It’s unknown how the chickens got into the river or where they came from, but rural Aiken and Lexington counties are hotbeds for poultry production in South Carolina. Scores of farms dot the landscape. By law, poultry farms are supposed to find other ways of disposing of chickens that die before they are ready for market than dumping them in rivers, Krispyn said. Often, those birds are disposed of on the farms.

S.C. Department of Natural Resources spokesman Greg Lucas said the agency had checked into the matter and referred it to the S.C. Department of Environmental Services, the agency that investigates pollution in South Carolina.
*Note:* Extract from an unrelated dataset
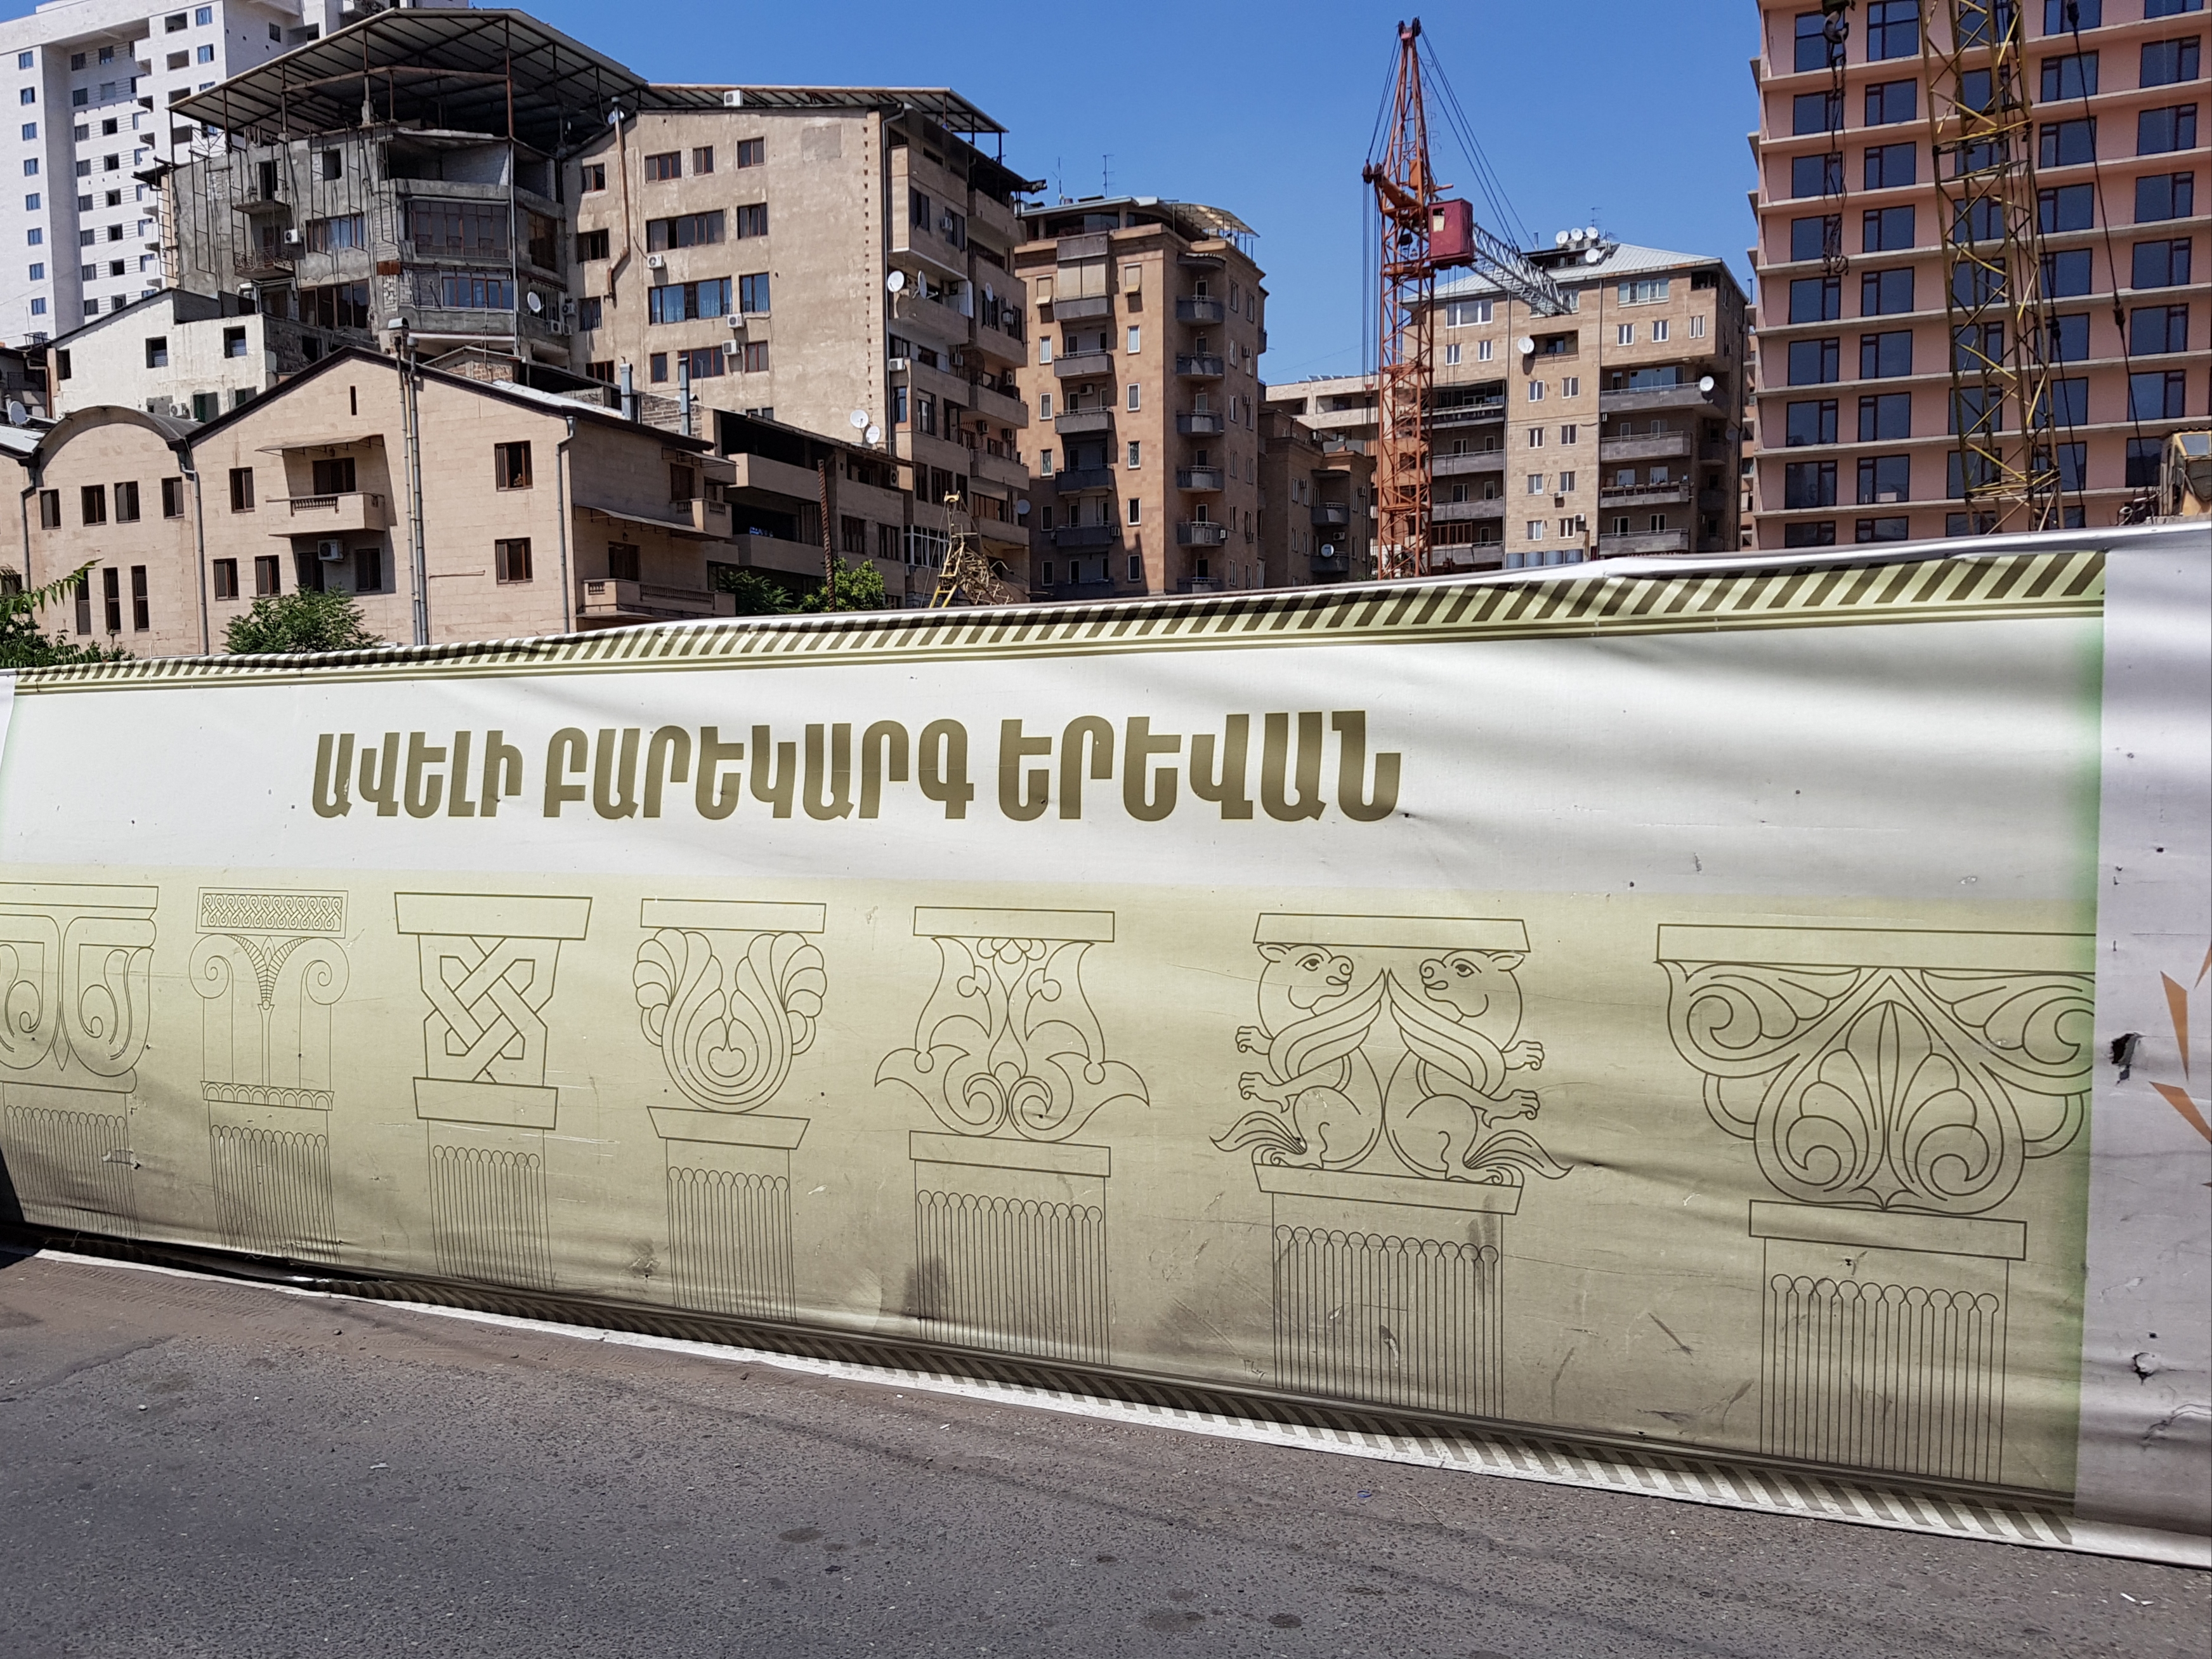 Երևանում կհիմնանորոգվեն կրթամշակութային, առողջապահական հաստատություններ և ճանապարհներ

Lucas said his agency had received multiple calls Wednesday about the dead chickens. DES spokeswoman Laura Renwick said her agency is investigating.

In an email Thursday afternoon, Renwick said the department’s agricultural staff communicated with major poultry farm operations, learning that none of the facilities reported a mass die-off of birds. The department is trying to determine if the chickens in the North Fork could have come from a smaller, non-commercial farm, she said.

The North Fork of the Edisto is one of two main stems that form the Edisto, a panoramic blackwater river that winds from central South Carolina through the Lowcountry to the Atlantic Ocean. The river forms part of the ACE Basin nature preserve between Columbia and the coast south of Charleston.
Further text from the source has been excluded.